Session: MON 649-675-Central Regulation of Appetite & Feeding/GI Regulatory Peptides
Bench to Bedside
Poster Board MON-656
Objective: To determine the effect of a 6-month trial of exenatide on appetite and weight in youth with PWS.
Methods: Ten overweight subjects with PWS (13-25 years) were recruited for an open-label, non-randomized, 6-month longitudinal exenatide trial starting at a dose of 5 mcg SQ BID with an increase to 10 mcg SQ BID after 1 month. Primary outcome measures were weight, BMI, body composition, appetite, and serum measurements of gut hormones, including acylated ghrelin. Subjects were followed with appetite questionnaires, meal tolerance tests, DEXA scans, and anthropometrics. No dietary modifications were made during the study. Data are presented as mean + SD and differences between groups assessed by paired t-tests. In addition, drug safety was closely monitored.

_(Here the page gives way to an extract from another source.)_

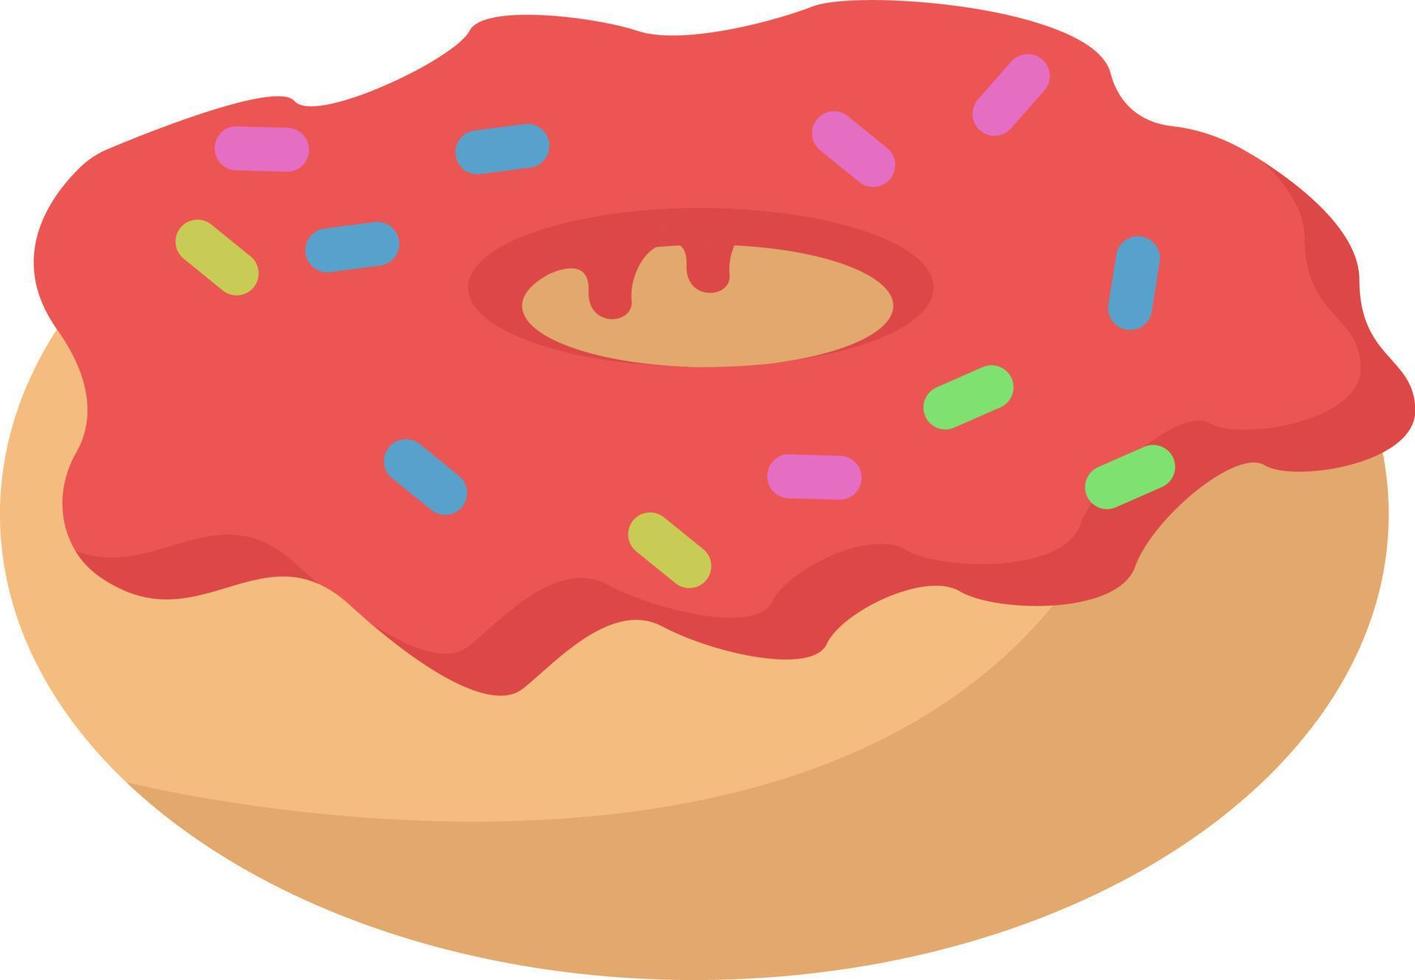 Red donut, illustration, vector on white background

Results: Preliminary analyses show that total appetite scores significantly decreased from 29.6 ± 6.42 to 24.78 ± 7.50 after 1 month of exenatide (p=0.002) and to 19.33 ± 8.43 after 3 months of treatment (p=0.015). However, no significant changes in weight or BMI were noted from baseline after 1 month (weight +0.63 ± 1.49 kg, p=0.24; BMI +0.13 ± 0.84 kg/m2, p=0.66) or 3 months (weight +1.52 ± 2.95 kg, p=0.26; BMI +0.36 ± 1.00 kg/m2, p=0.42) of treatment. Analysis of gut hormones is pending batch analysis. Exenatide was well-tolerated without major adverse effects.
Conclusion: Exenatide appears to be safe and effective in decreasing appetite in youth with PWS, although it did not decrease weight or BMI in the short term. Larger, controlled, longer-term trials are needed to confirm the safety and efficacy of exenatide, and to evaluate whether its use might induce weight loss when used in conjunction with behavioral modification.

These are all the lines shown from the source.